→ **WHAT IS REQUIRED**: Nothing but the lines below from the one holding "Western flower thrip" up to and including the one holding "L'indice europeo sull'uguaglianza" should be copied, exactly and without pictures.

→ **PROVIDED RECORDS**:
· · · · · · ·

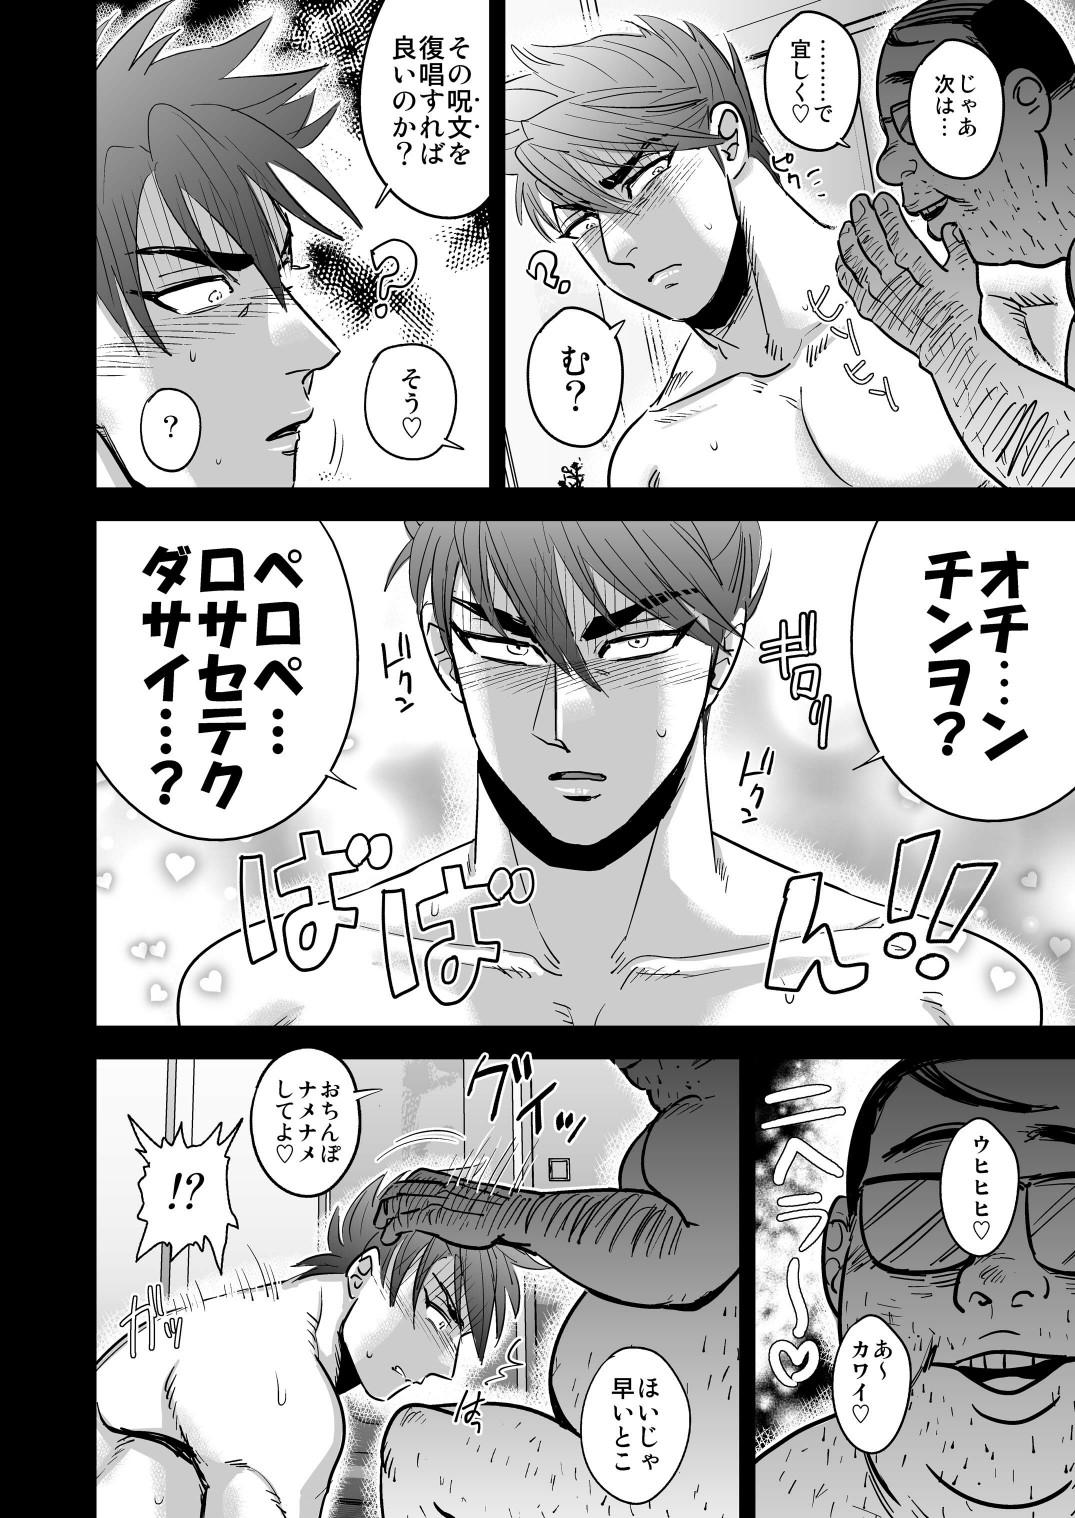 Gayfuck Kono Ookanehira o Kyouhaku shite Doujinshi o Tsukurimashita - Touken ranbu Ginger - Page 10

· · · · · · ·

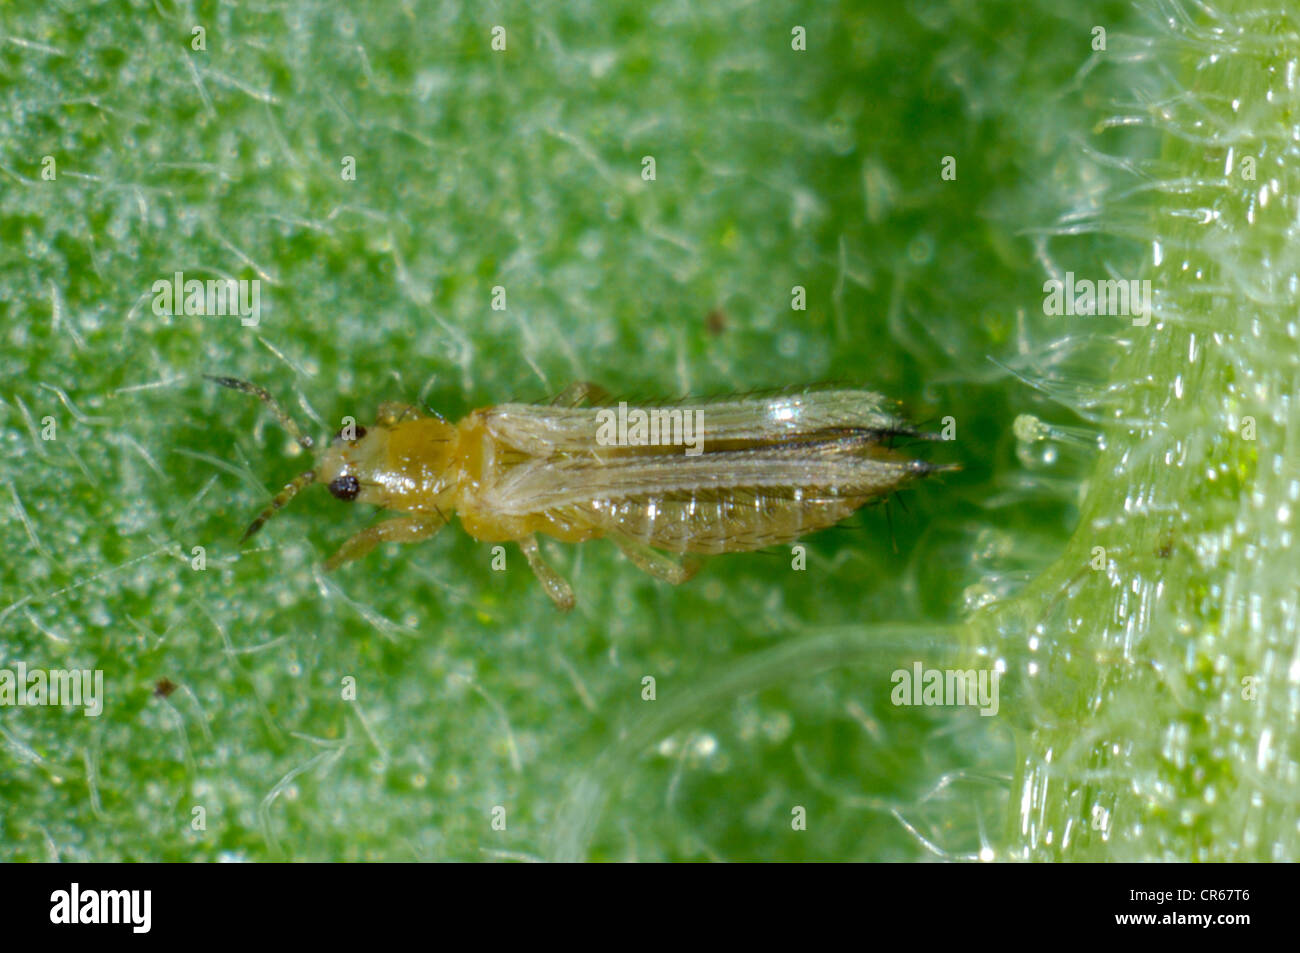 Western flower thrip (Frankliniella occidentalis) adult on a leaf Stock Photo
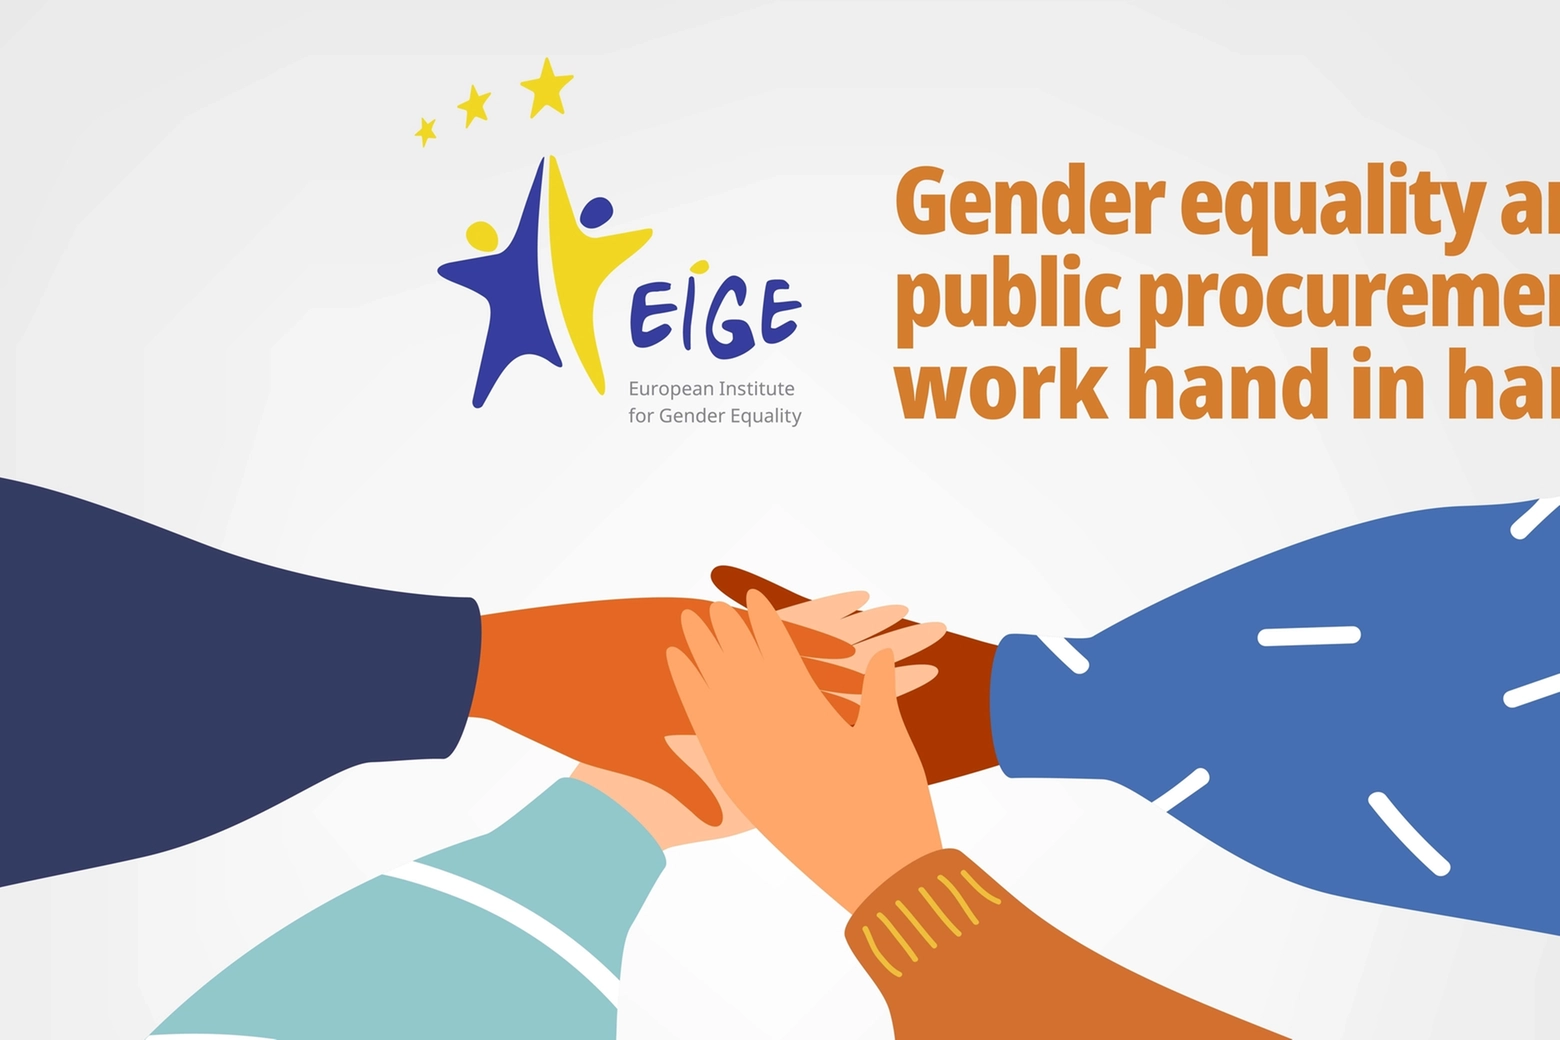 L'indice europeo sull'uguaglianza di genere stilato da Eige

· · · · · · ·

→ **REPLY TO THE EXERCISE**:
 Western flower thrip (Frankliniella occidentalis) adult on a leaf Stock Photo
 L'indice europeo sull'uguaglianza di genere stilato da Eige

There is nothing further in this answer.